- Opening Delimiter -

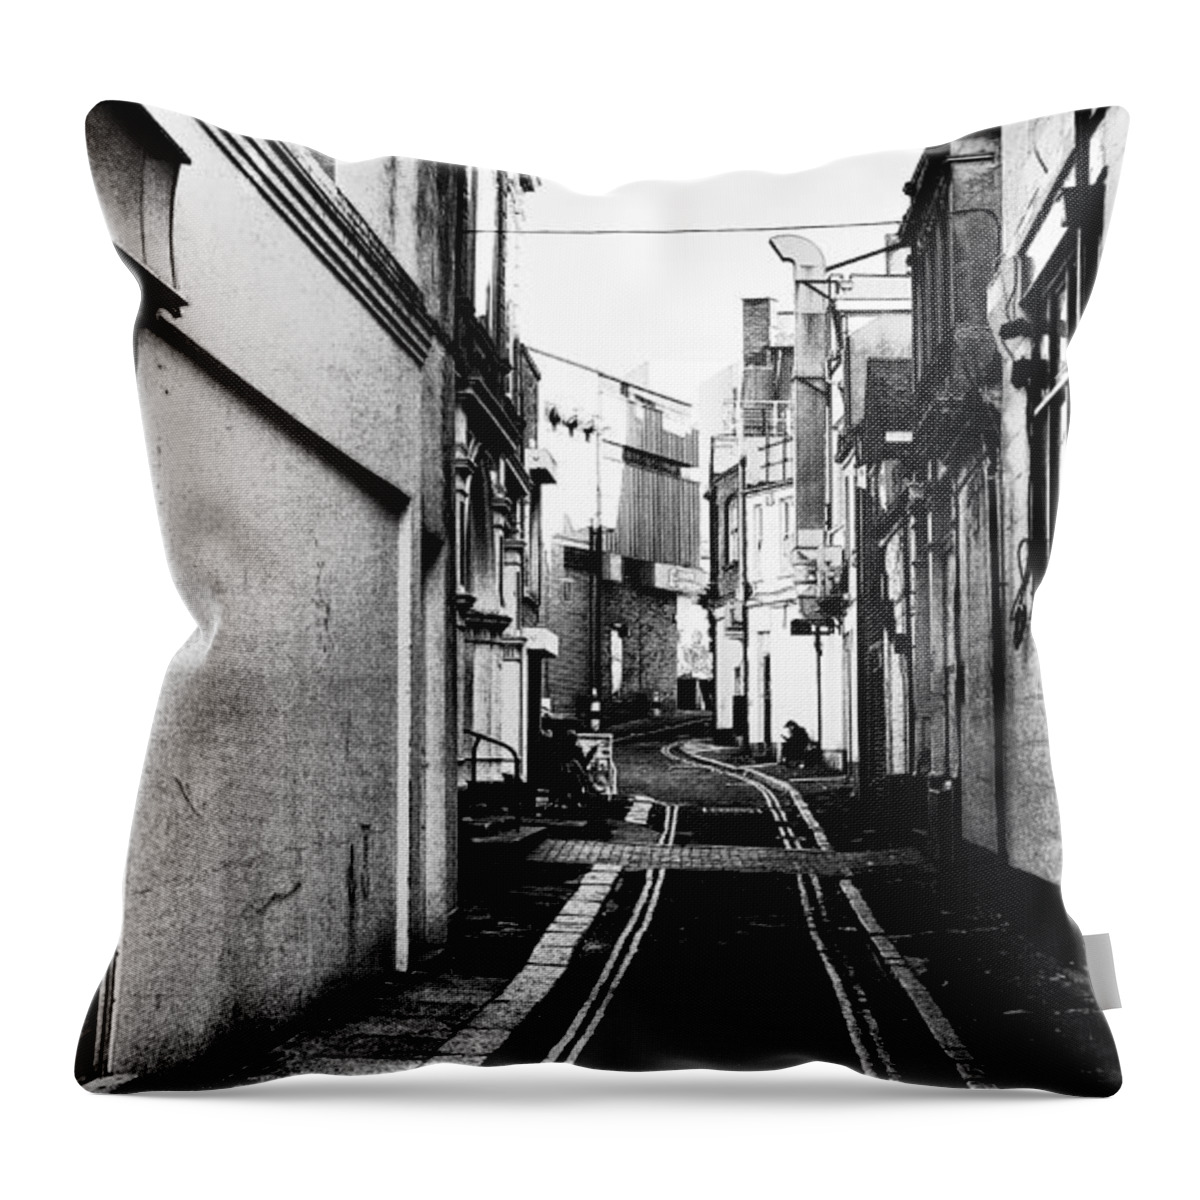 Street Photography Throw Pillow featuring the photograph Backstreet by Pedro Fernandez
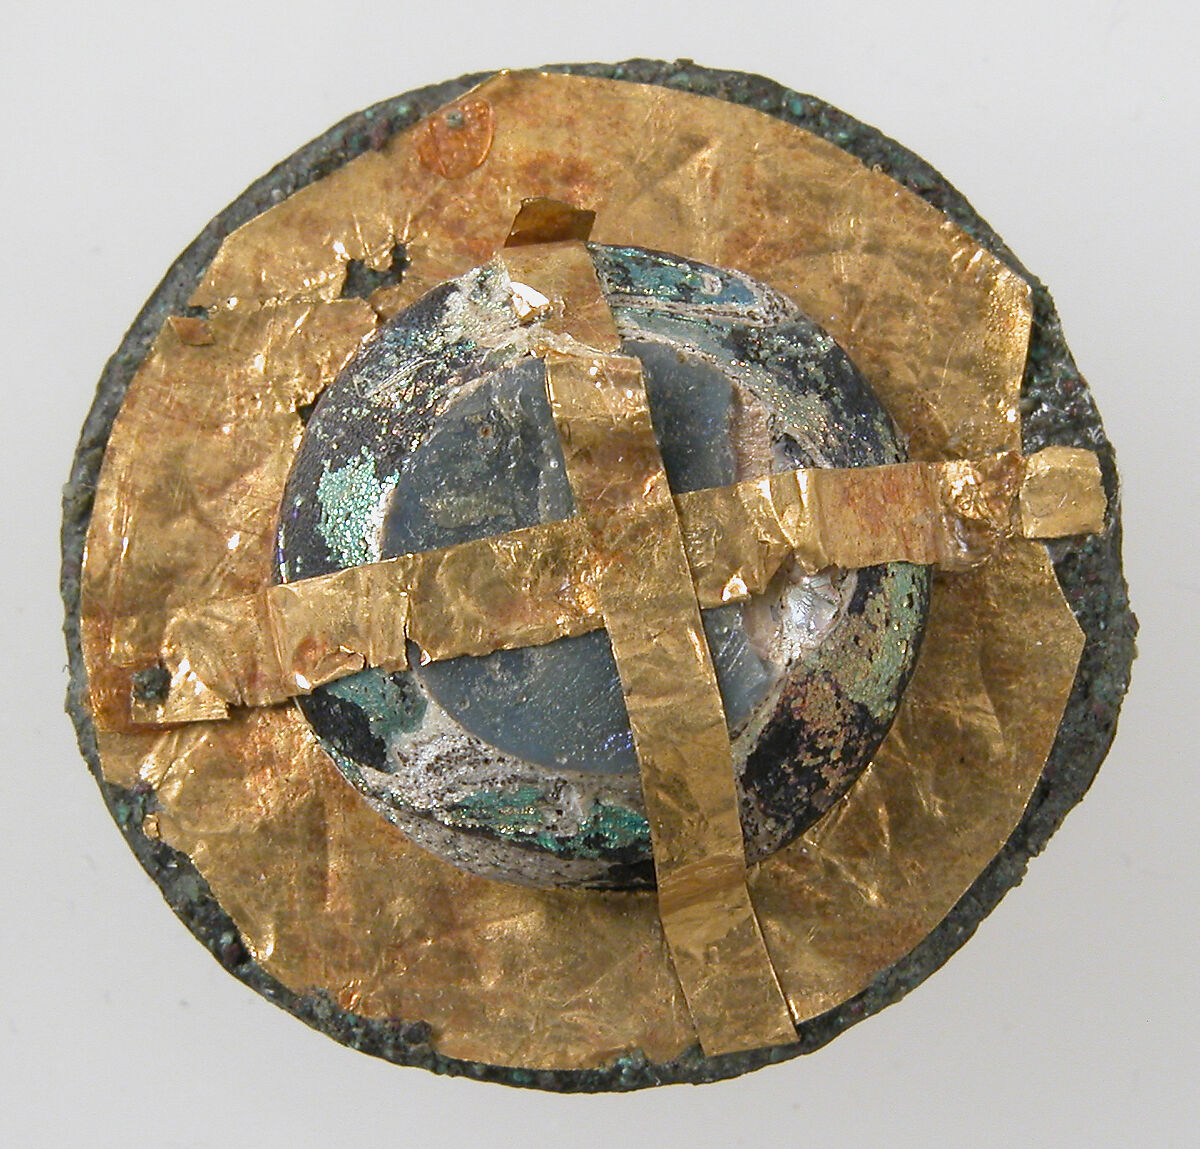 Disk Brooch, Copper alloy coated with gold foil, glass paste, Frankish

- Closing Delimiter -
- Opening Delimiter -

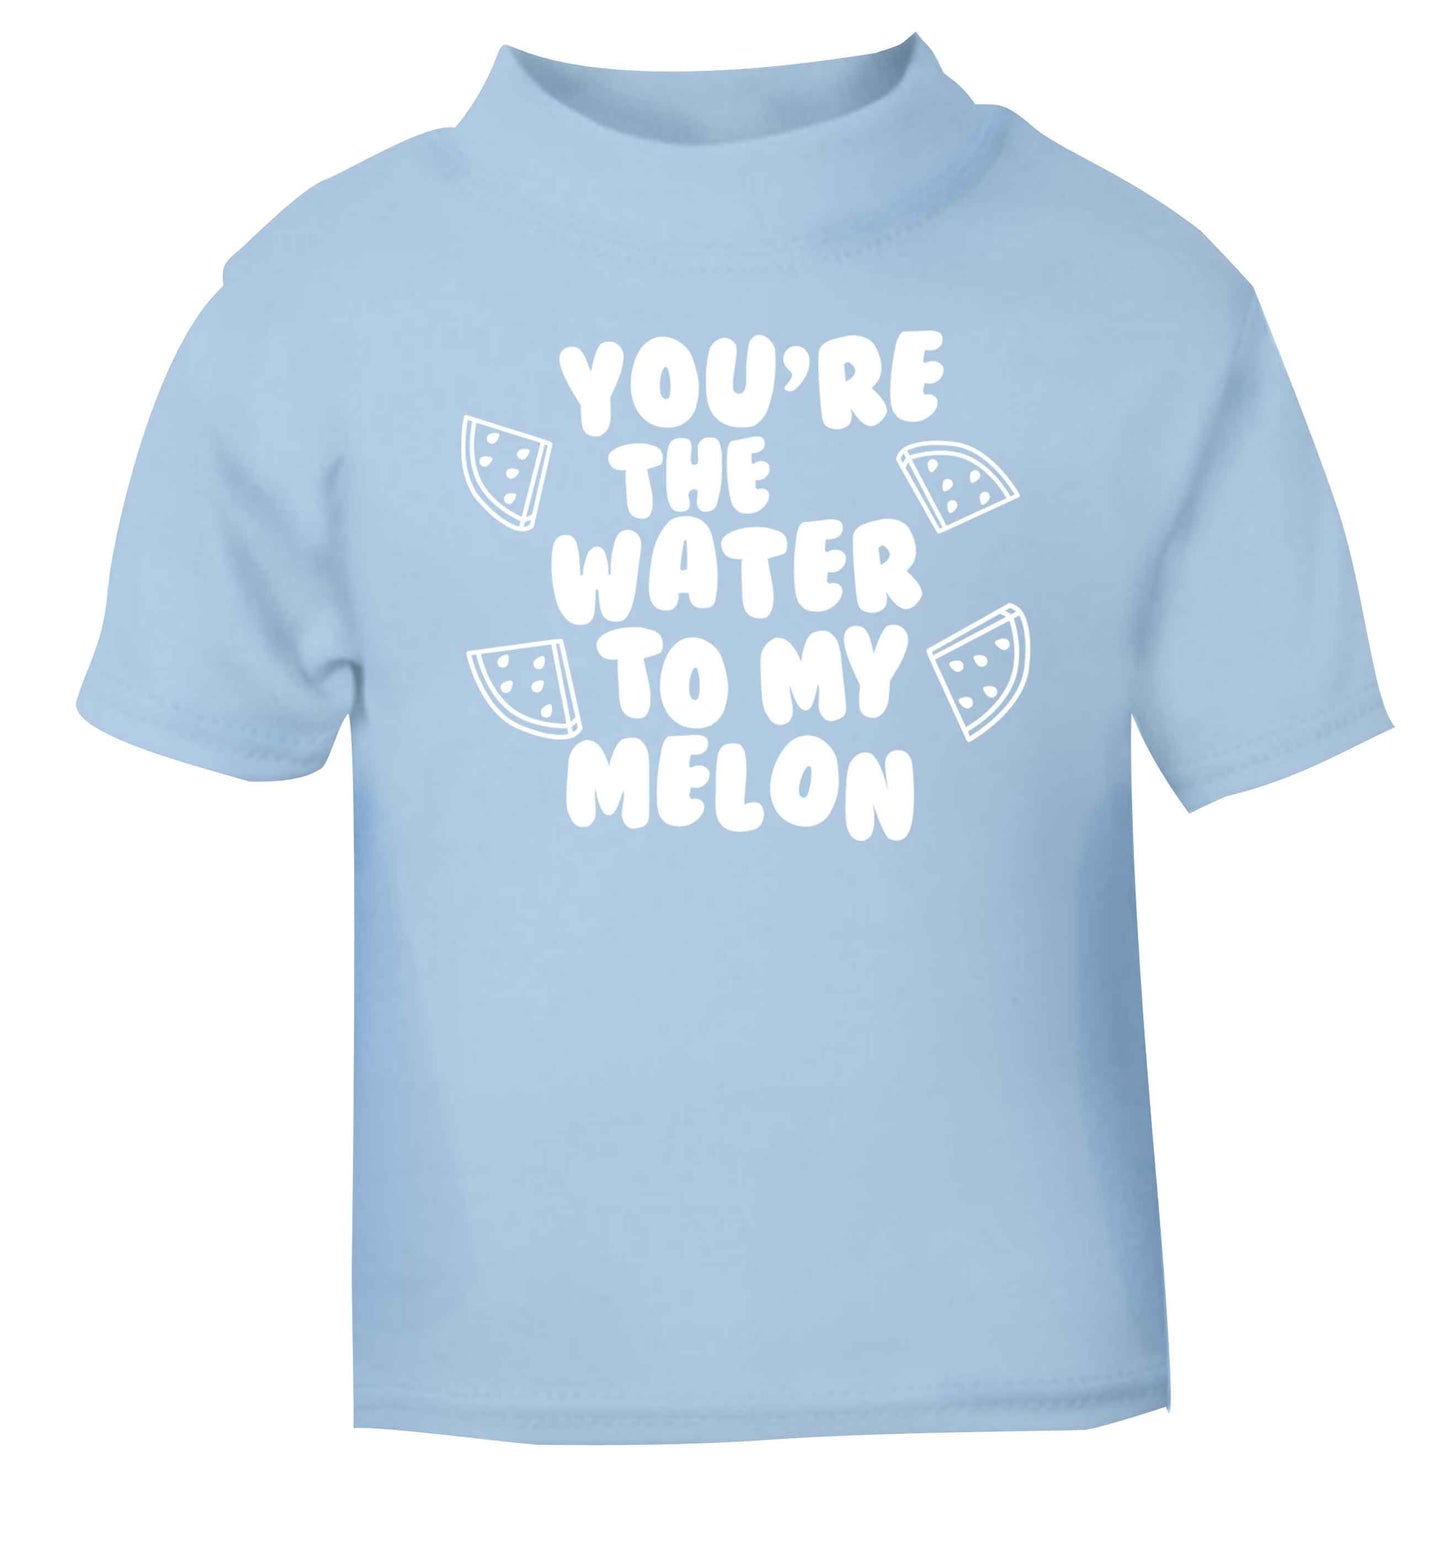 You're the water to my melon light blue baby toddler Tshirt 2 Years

- Closing Delimiter -

▸ **EXERCISE PROMPT**
Above are some entries; copy exactly the lines from the line with "Street Photography Throw" through the line with "Disk Brooch, Copper", both included, but none of the pictures.

▸ **RESULT OF THE EXERCISE**
 Street Photography Throw Pillow featuring the photograph Backstreet by Pedro Fernandez
 Disk Brooch, Copper alloy coated with gold foil, glass paste, Frankish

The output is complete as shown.